TLDR: Payment systems optimize for correctness first, then throughput. This guide covers idempotency, double-entry ledgers, and reconciliation.

Stripe processes over 250 million API requests per day, and every single payment must be idempotent: a user clicking "Pay" twice must never produce two charges, even when the first HTTP call timed out and no confirmation reached the client. The Knight Capital incident of 2012 — where a software bug executed $440 million in unintended trades in 45 minutes — illustrated what happens when financial operations lack idempotency guards and a ledger write-ahead pattern.

Designing a payment system forces you to prioritise correctness above all else. It is the domain where eventual consistency is a business and regulatory risk rather than merely a technical trade-off, and where every architecture decision has a permanent audit trail.

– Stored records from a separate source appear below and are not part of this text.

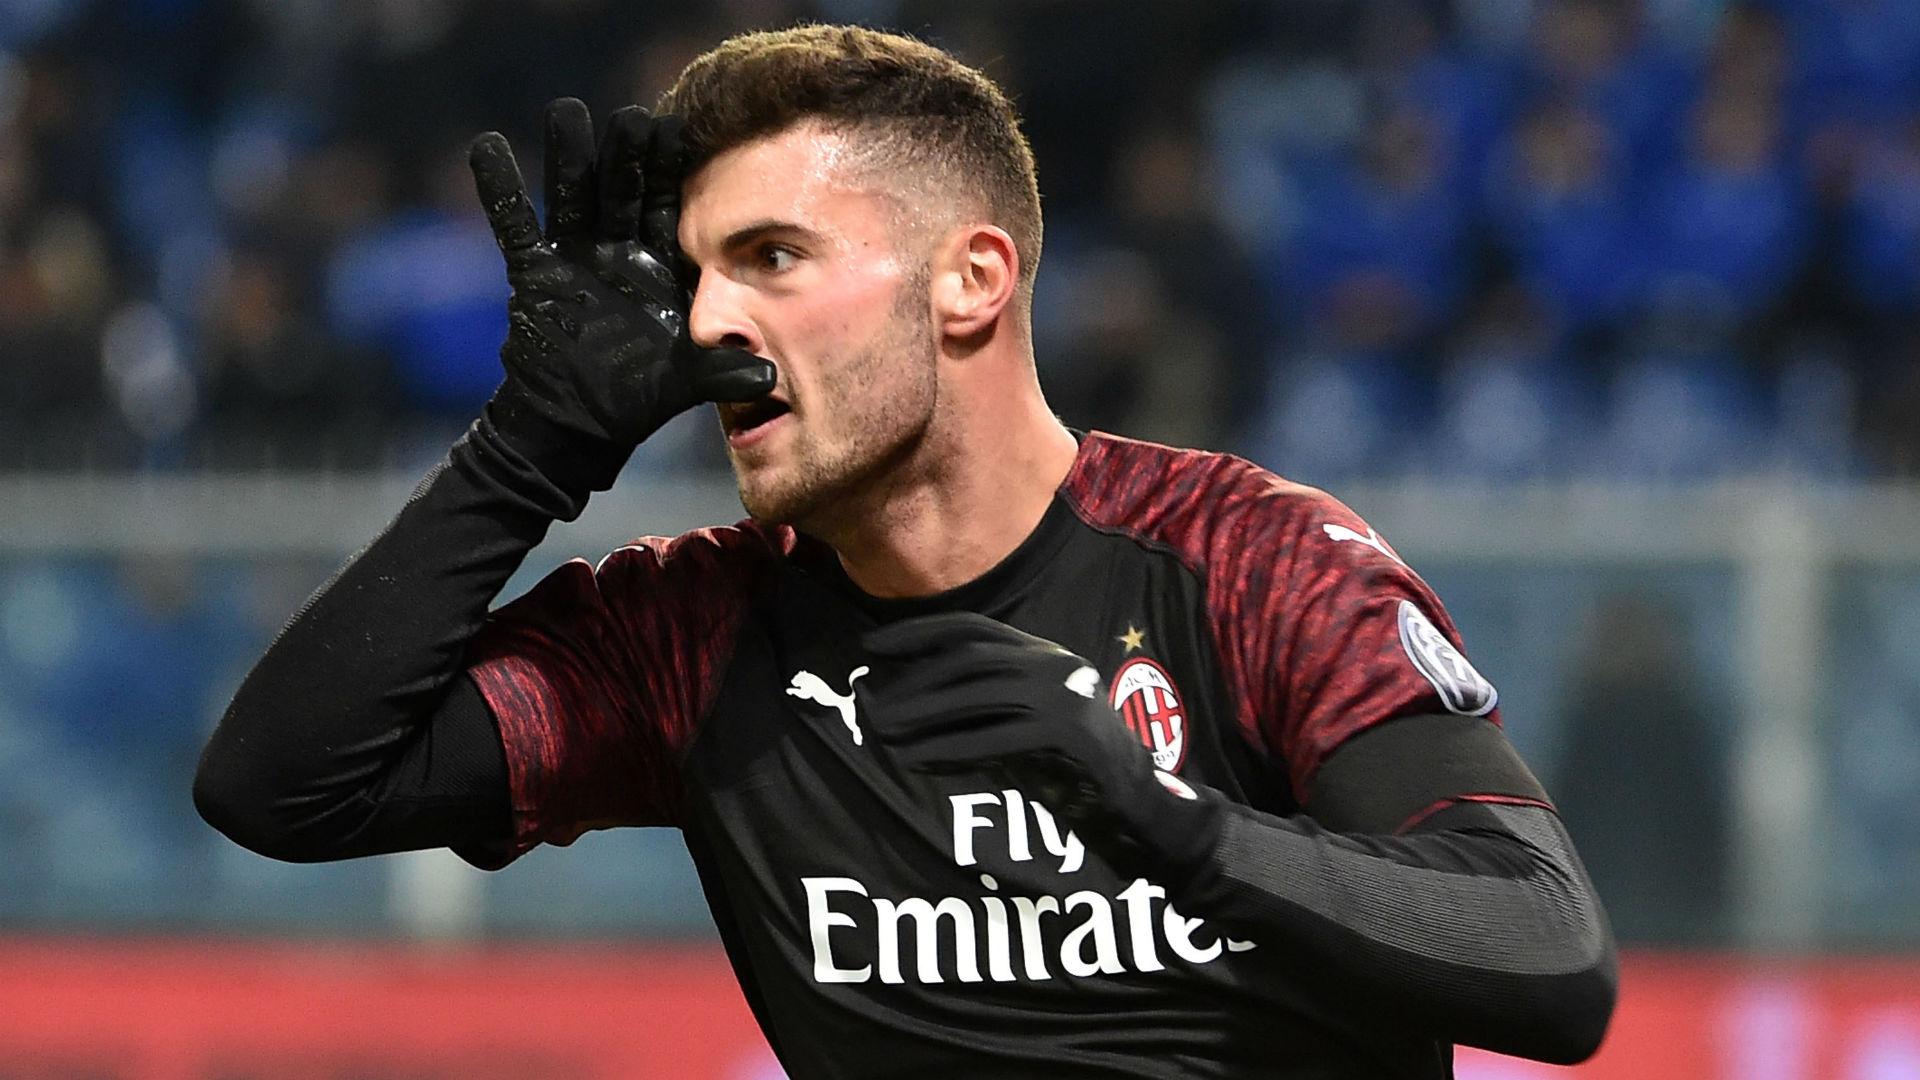 Il Milan travolge l'Empoli
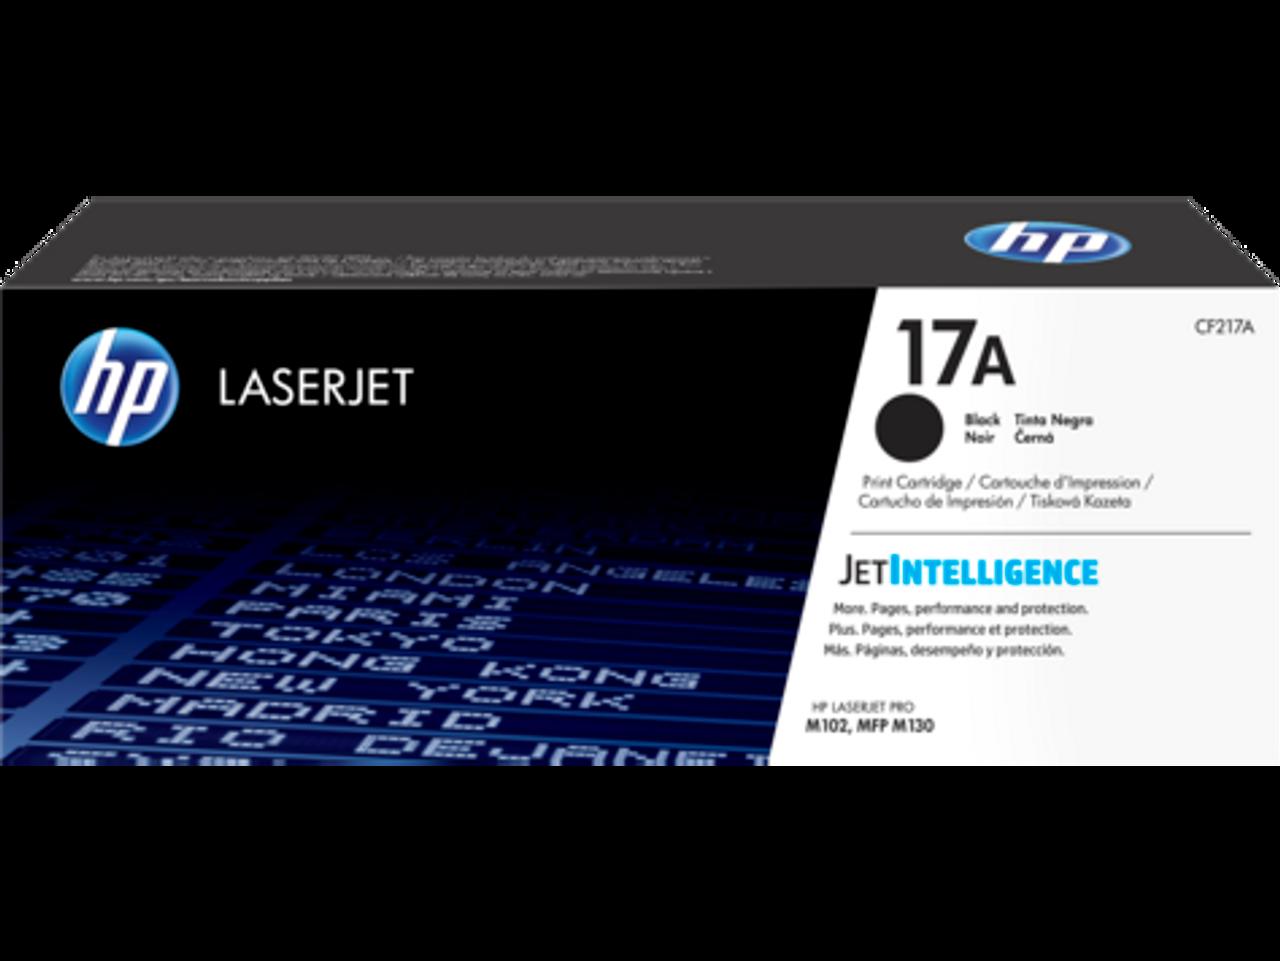 TONER HP 17A Black Original LaserJet Toner Cartridge (CF217A)
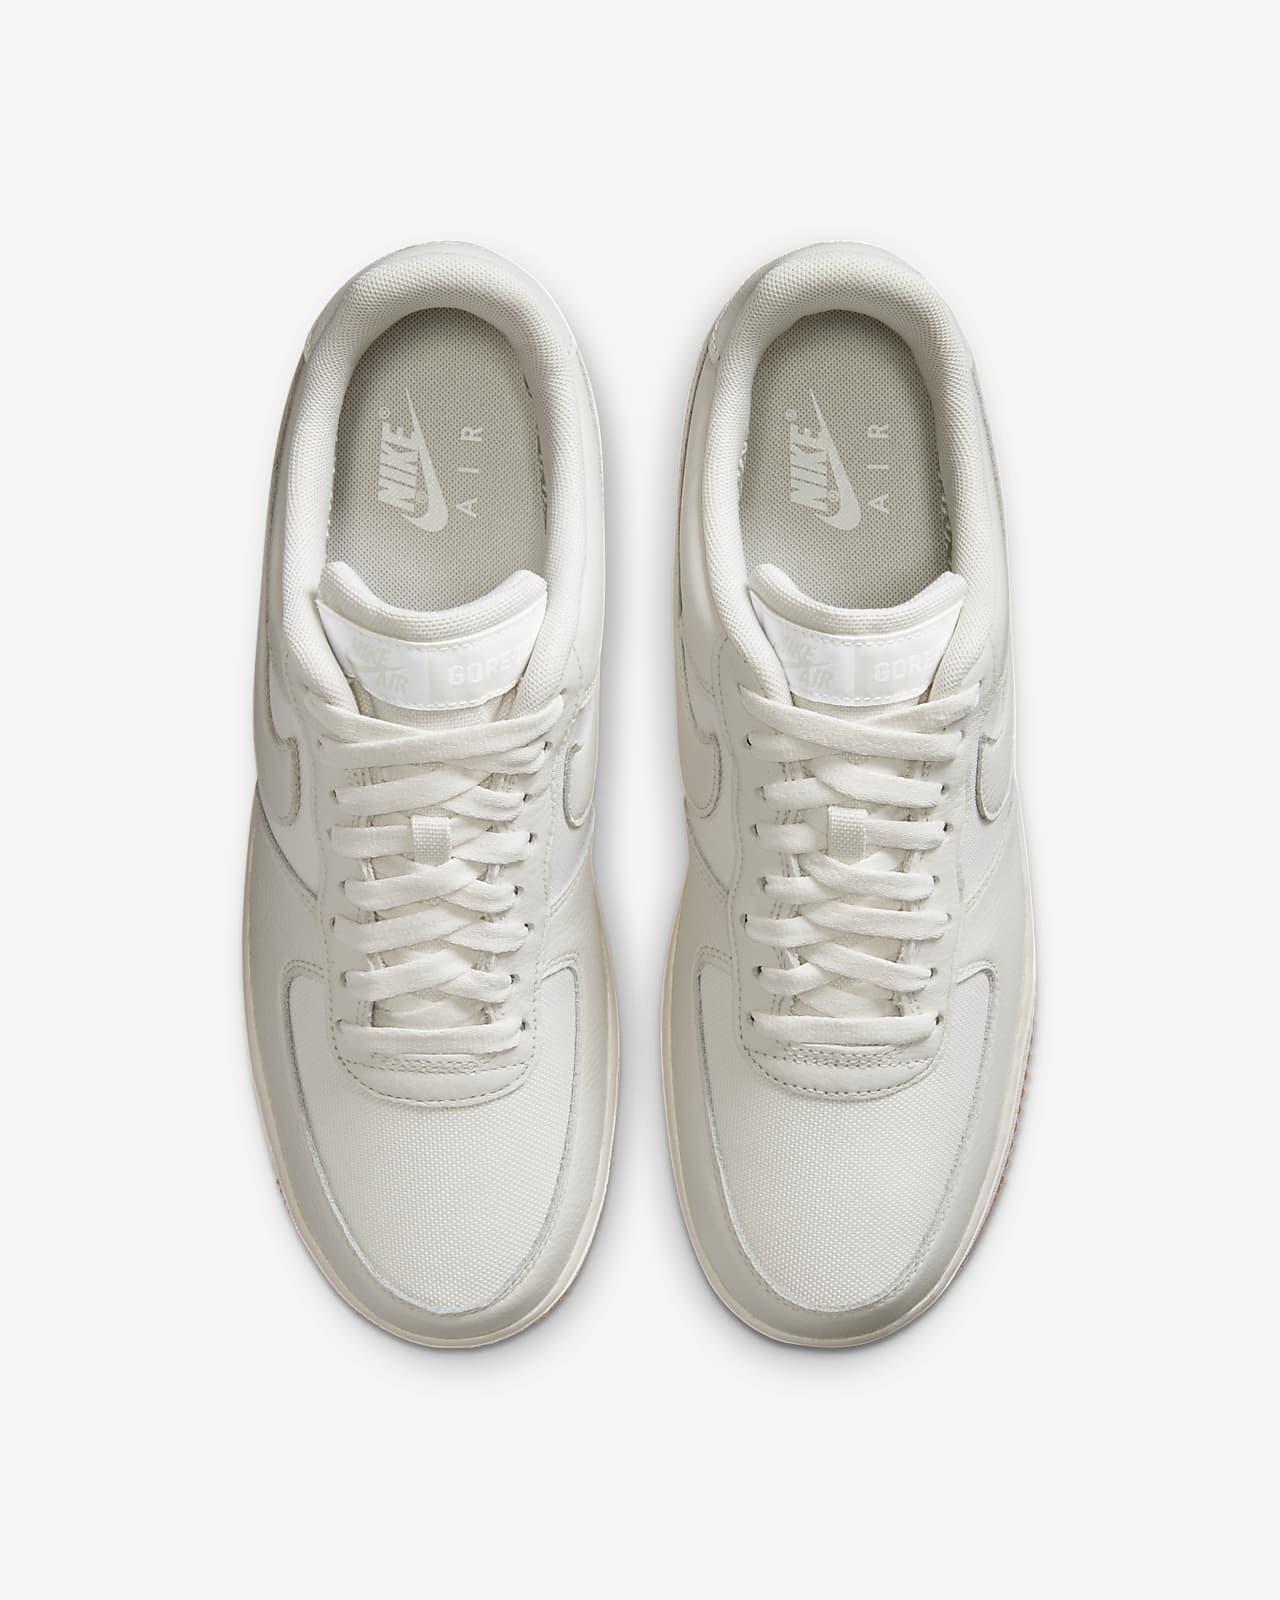 Nike Air Force 1 Low GORE-TEX Men's Shoe
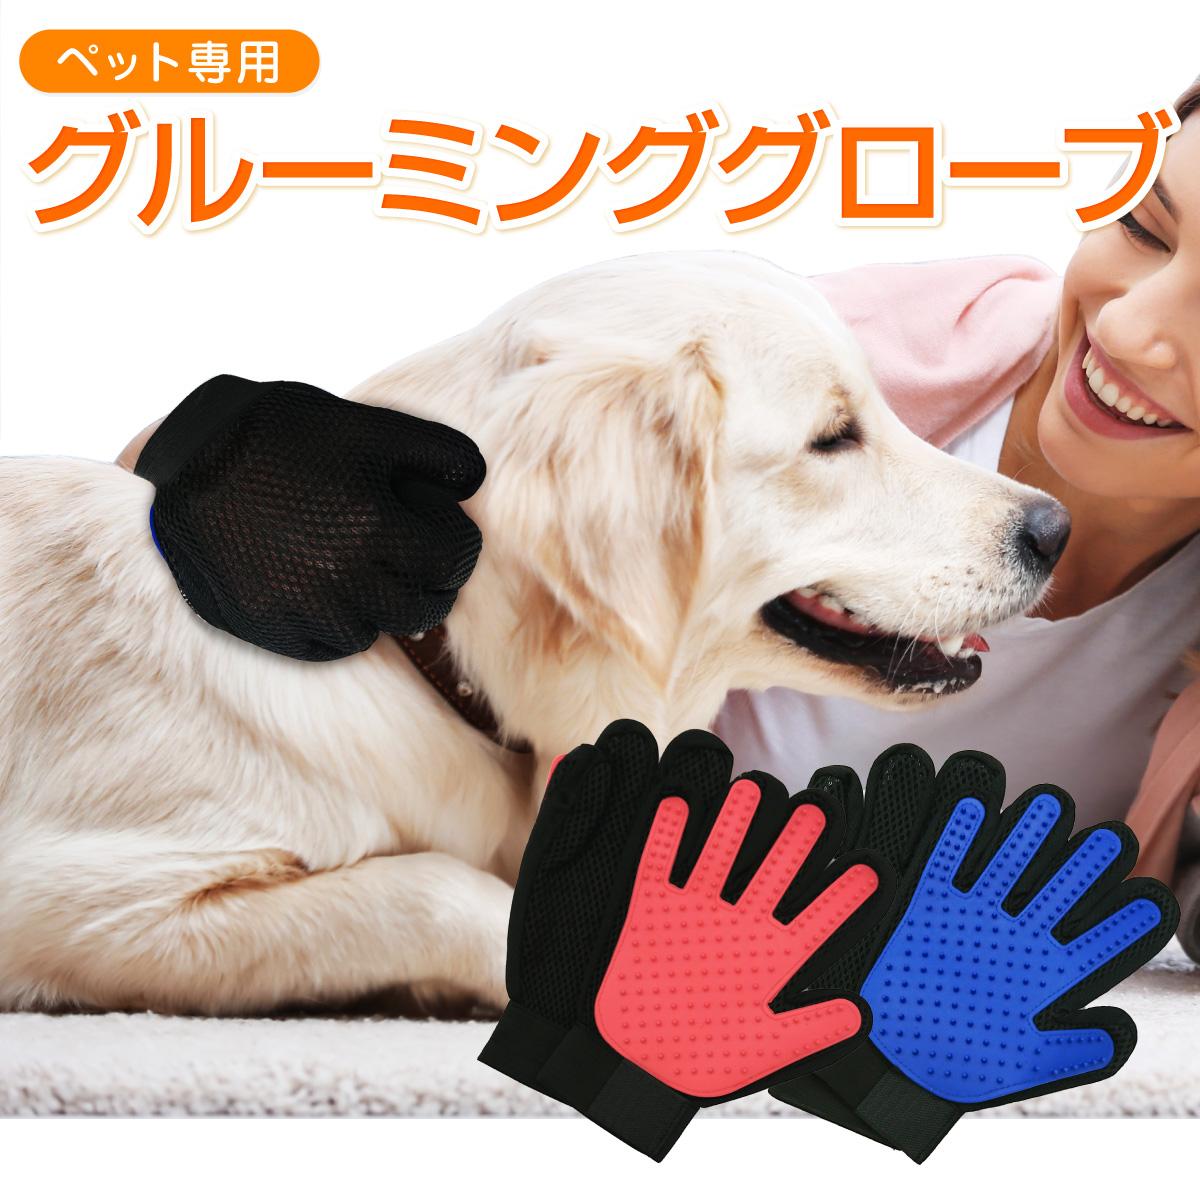 手袋をつけてなでるだけで簡単に毛を取る マッサージ ペット グルーミング グローブ 両手 抜け毛 お買得 防止 犬 猫 pet-gv グルーミンググローブ トリミング ペット用品 最安値挑戦 ブラシ
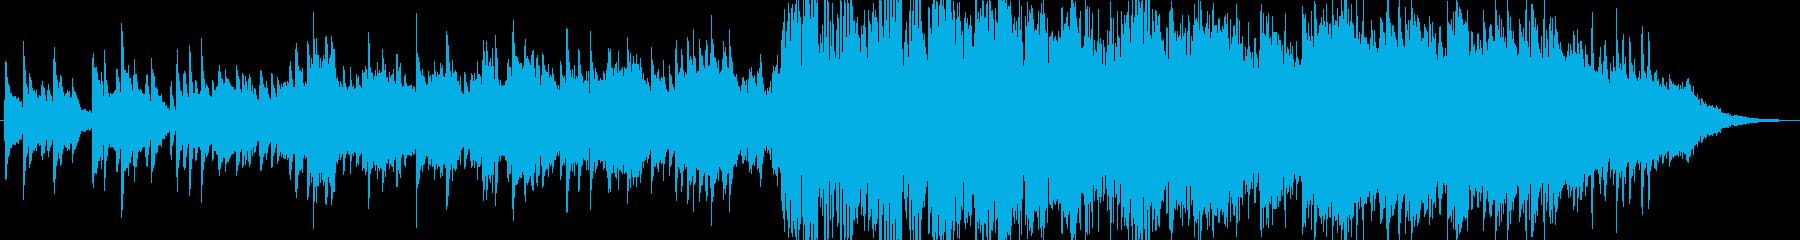 ピアノのバラード。穏やかな雰囲気の再生済みの波形

Imagine a scenario where a user initiates a $100 payment. The request reaches your API, you call the payment provider (like Stripe), the provider successfully charges the card, but your network connection drops before you receive the "OK" response. If your system simply retries the request without an idempotency key, the user is charged twice. If your system fails to record the successful charge in its own ledger because of the crash, you have a "lost payment" that results in a customer support nightmare and a reconciliation imbalance.

By the end of this walkthrough you'll know why payment amounts must be stored in integer cents (not floating point decimals), why ledger writes use double-entry accounting for reconcilability, and why idempotency keys must be client-supplied and cached for 24 hours to survive network retries without producing duplicate charges.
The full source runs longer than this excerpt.